The Age of Discontinuity

Once upon a time society operated within a structure known as a hunter-gatherer model.  Small bands of perhaps 50 individuals traveled together, roving the countryside.  There wasn’t much theft in such societies, as there wasn’t much to steal.  Wealth (in their terms, not ours) was acquired by how well they avoided marauding bands, and how well they hunted.  The food they ate, the clothes they wore, the tools and weapons they utilized, were all derived from the animals they killed.

At some point, a great upheaval in society took place – a discontinuity of norms, for some genius figured out that by planting seeds and tilling the land, one could grow their food in their own back yard rather than chasing it down.  And the hunter-gatherer societies faded away so that today they hardly exist.  They were placed by an agricultural society.  Farming became the norm.  Wealth was acquired by land ownership (a king ruled a plot of land called a kingdom.)  And that reality continued on for thousands of years, until a new discontinuity took place.

With the rise of innovation and new technologies, such as the invention of the steam engine, which ushered in the first industrial revolution, followed by the use of electricity which spawned the second industrial revolution, a new approach to society took shape.  The Agricultural Society gave way to The Industrial Society.  Great wealth (think Carnegie, Ford, Morgan, Rockefeller) was brought about not by land ownership, but by energy sources such as oil.  Factories, which fostered systemization, replication, standardization and the like, sprang up everywhere and transformed the culture from an agrarian society to a true industrial society.

If you are reading this, you are in the midst of another discontinuity.  We appear to be moving away from the industrial model to an information age.  Blue collar workers are being edged out by what Peter Drucker called Knowledge Workers.  Wealth and progress are determined less by who acquires oil and more by who acquires knowledge and puts it to use.

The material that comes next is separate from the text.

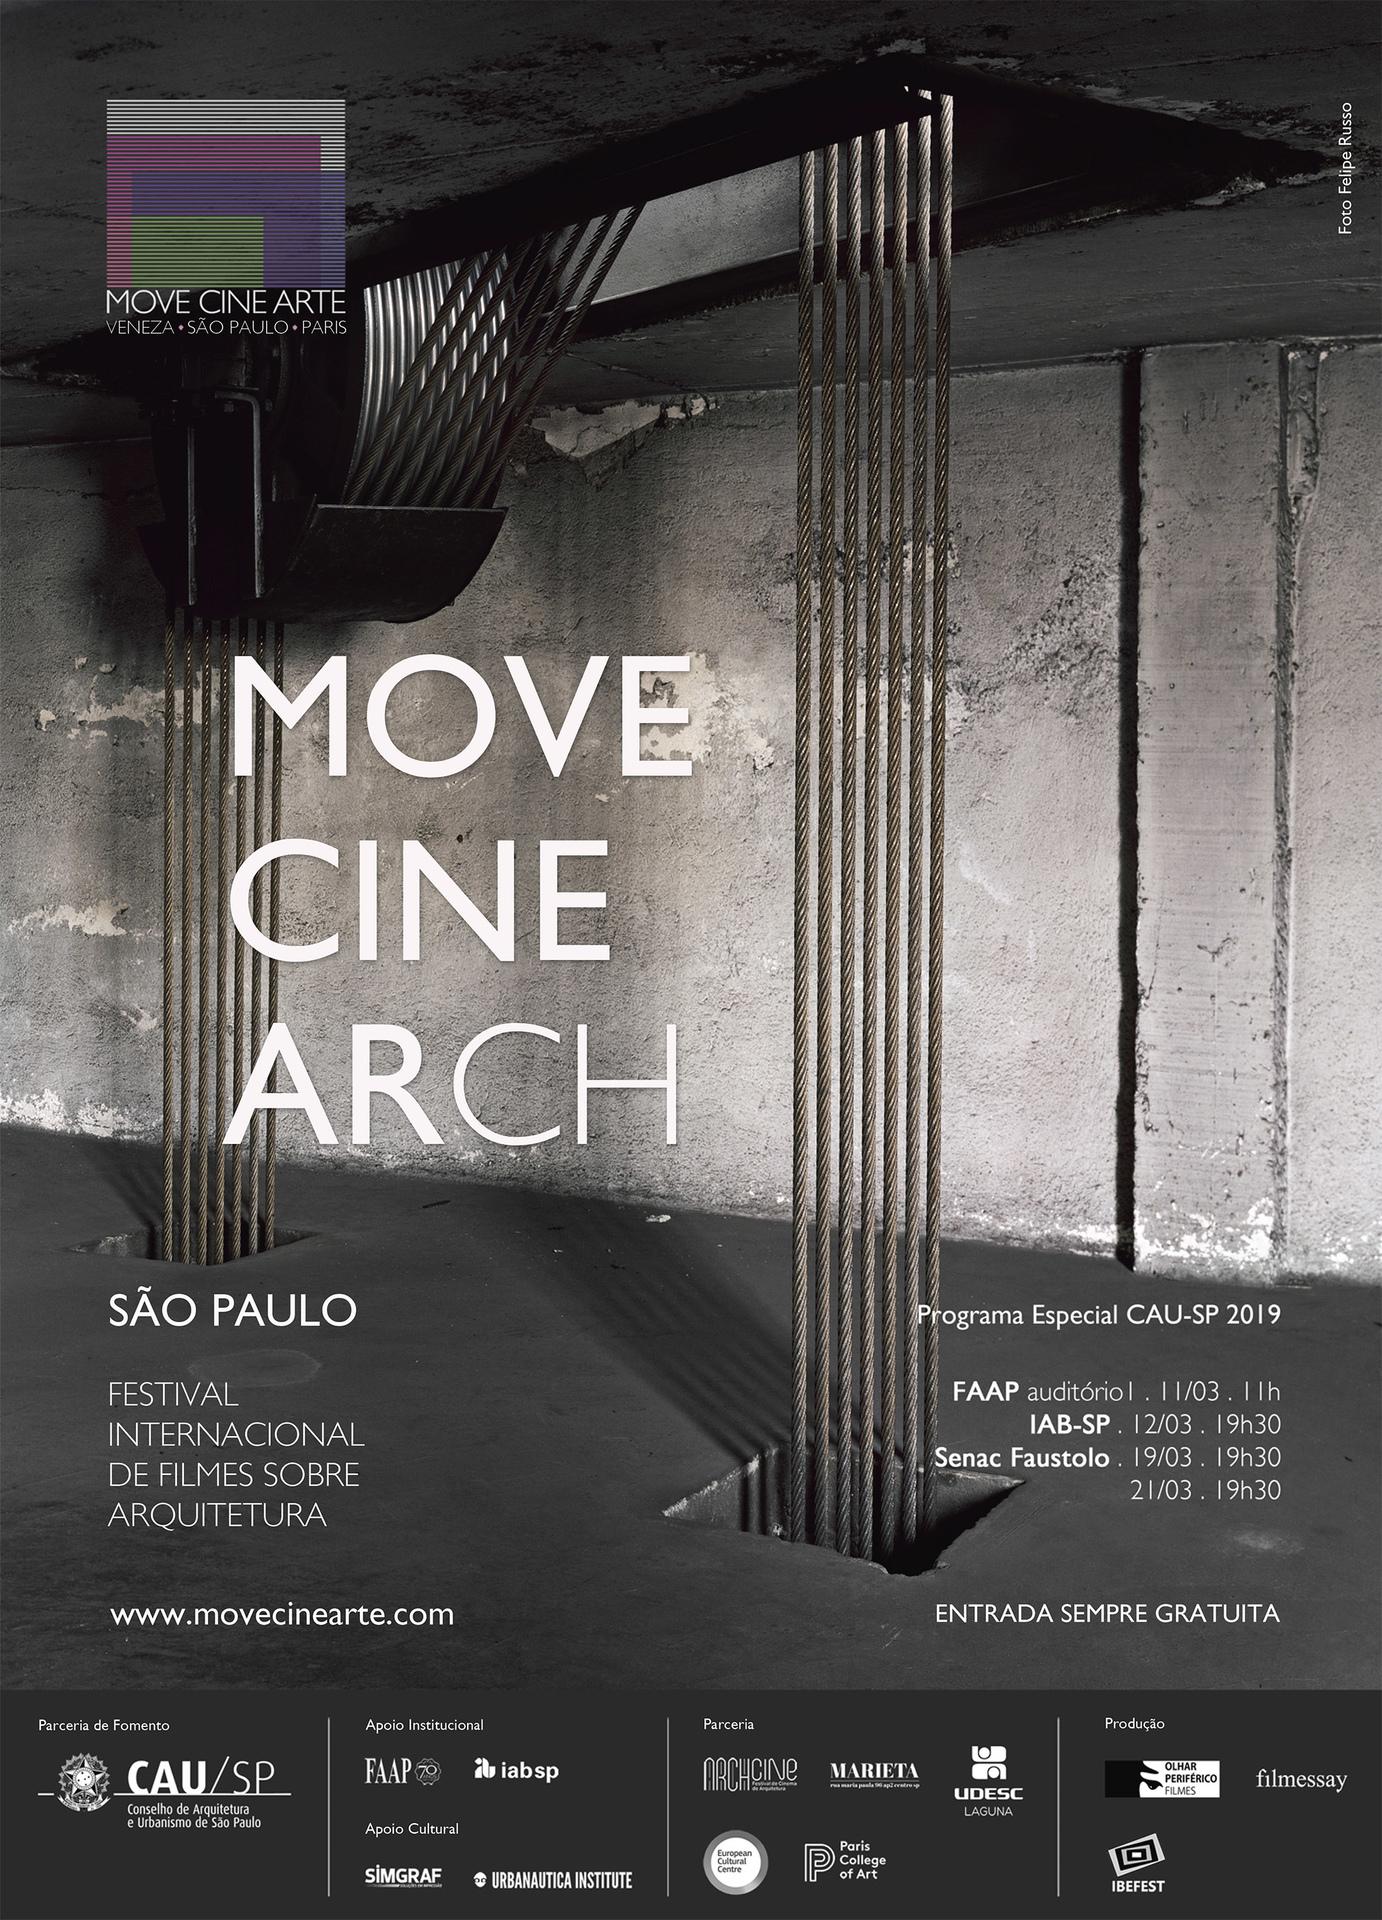 6851706sv78iQ8 - MOVE CINE ARCH - 2019

It seems that the discontinuities that have transformed our world from its inception have occurred with increasing frequency.  No one can predict when the next discontinuity will enter the picture, or what kind of society will come out on the other end.  But those who perceive the changes as they are happening, and who can, to whatever degree, shape the outcomes, will not only acquire substantial wealth but will also step into roles of significant leadership.